We can’t live this life without getting bruised and cut. But the same is true for our hearts and minds. Those painful memories we hold will continue to fester until we are willing to remove the Band-aids stuck in place.

The very thing that terrifies us and we try to avoid at all costs — pain — is often the very thing we need to experience in order to heal.

The little death is the acceptance that arrives with our pain. It is a spiritual surrender to what happened, to the choices we made that affected others and ourselves. Authentic forgiveness requires the death of what is no longer or what never was. Perhaps it is the death of hope and expectation, so new life can flood in. The little death allows us a rebirth.

If I tell you to think about anything BUT green elephants, what happens to your mind? Likely, all you are thinking about are those darn green elephants.

Why?

Our minds try so very hard to protect us. They are overthinking machines, working oh-so-very hard to help us. And, as in the case of our “Green Elephant” example, they don’t often do a very good job at this.
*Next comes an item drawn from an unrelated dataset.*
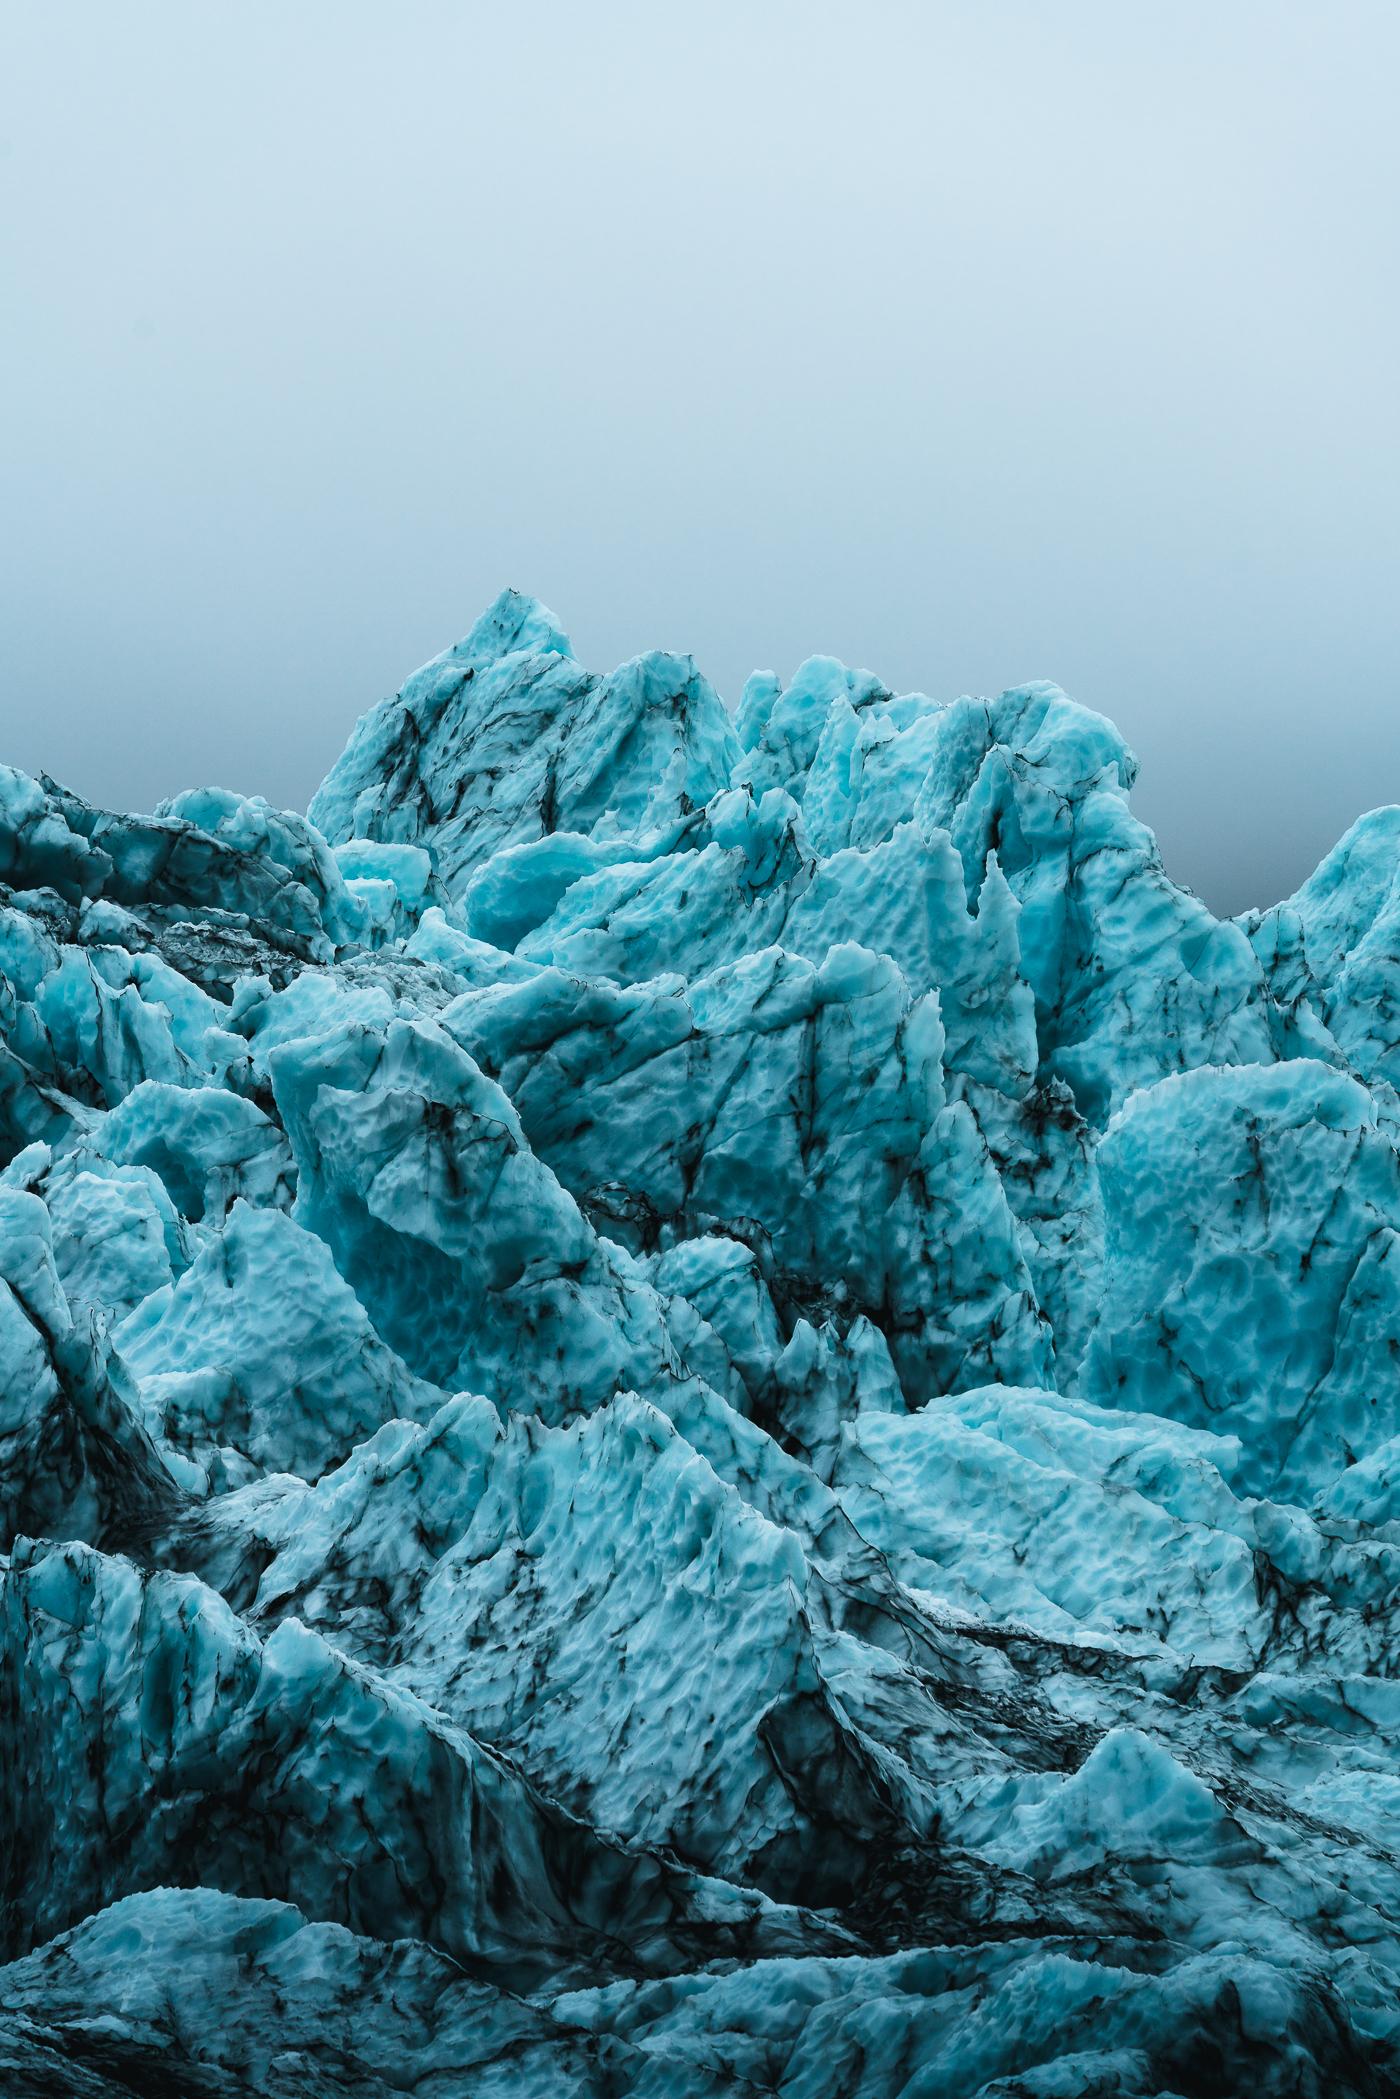 gabornagy_photography_iceland_glacier35.jpg

Pain is our brain’s Green Elephant, working overtime to protect us. But we need to embrace the pain if we want to get to the other side and experience true peace.

Brene Brown on Hurting

We live in a culture where immediate gratification reigns supreme. Lose weight–quickly. Get rich–quickly.

But while technology has greatly and rapidly improved in a short time span, the human soul timelessly needs what it needs: forgiveness, compassion, kindness, empathy. And there’s no Instagram or Twitter account that will acquire those things for us.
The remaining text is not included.